8. The fatigue testing device according to claim 1, wherein the clamp comprises an upper lock nut, an upper ejector rod, an upper connecting rod, an upper back nut, a lower connecting rod, a lower ejector rod and a lower lock nut which are axially arranged, two ends of the upper lock nut are respectively connected with the upper connecting rod and the upper pressure rod, the upper connecting rod is sleeved on the outer sides of the upper ejector rod and the upper back nut and is fixedly connected with the upper ejector rod and the upper back nut; the two ends of the lower lock nut are respectively connected with the lower connecting rod and the lower pressing rod, and the upper connecting rod is sleeved on the outer sides of the upper ejector rod and the upper back nut and is fixedly connected with the lower ejector rod and the lower back nut; and two ends of the sample are respectively and fixedly connected with the upper back nut and the lower back nut.

9. The fatigue testing device of claim 1, wherein the heating device comprises a graphite heating furnace and a heating coil wound around and tightly hooped on the graphite heating furnace, and two ends of the heating coil are fixedly connected with the environmental chamber.

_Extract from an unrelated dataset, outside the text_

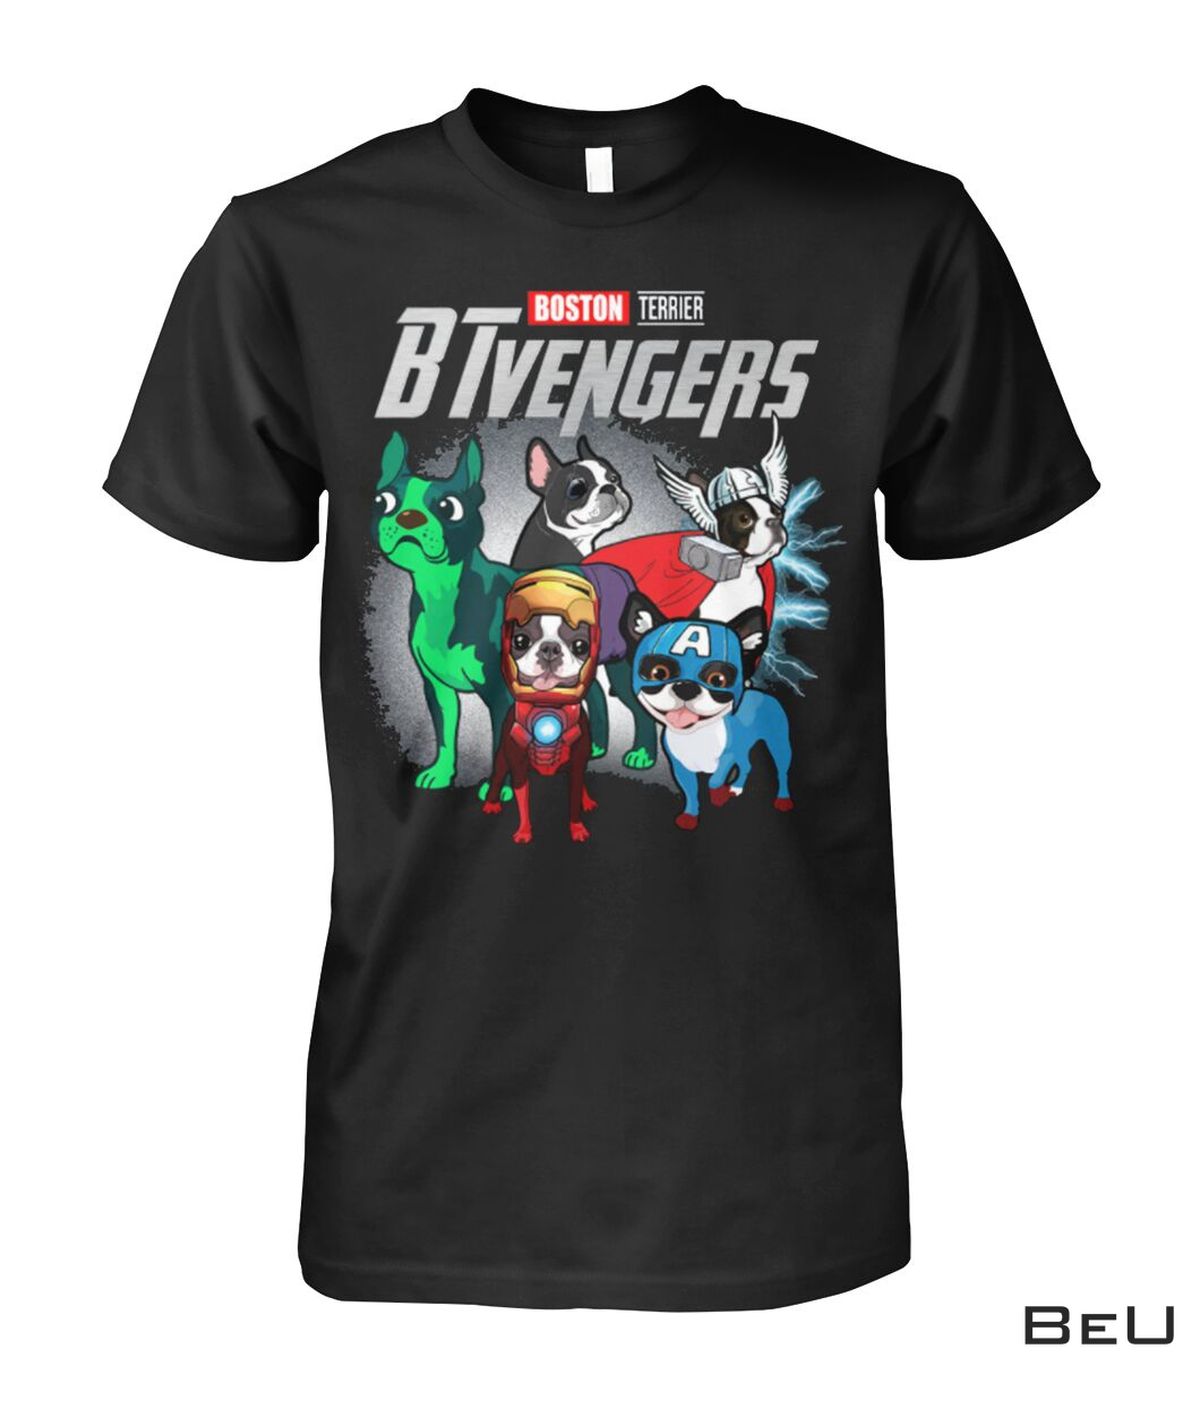 Boston Terrier BTvengers Avengers Shirt

10. A fatigue testing device according to any one of claims 1-9, further comprising a control device and a temperature measuring instrument, wherein the control device and the temperature measuring instrument are located outside the environmental chamber, and the control device is electrically connected with the fatigue main machine, the vacuum unit, the heating device and the temperature measuring instrument respectively.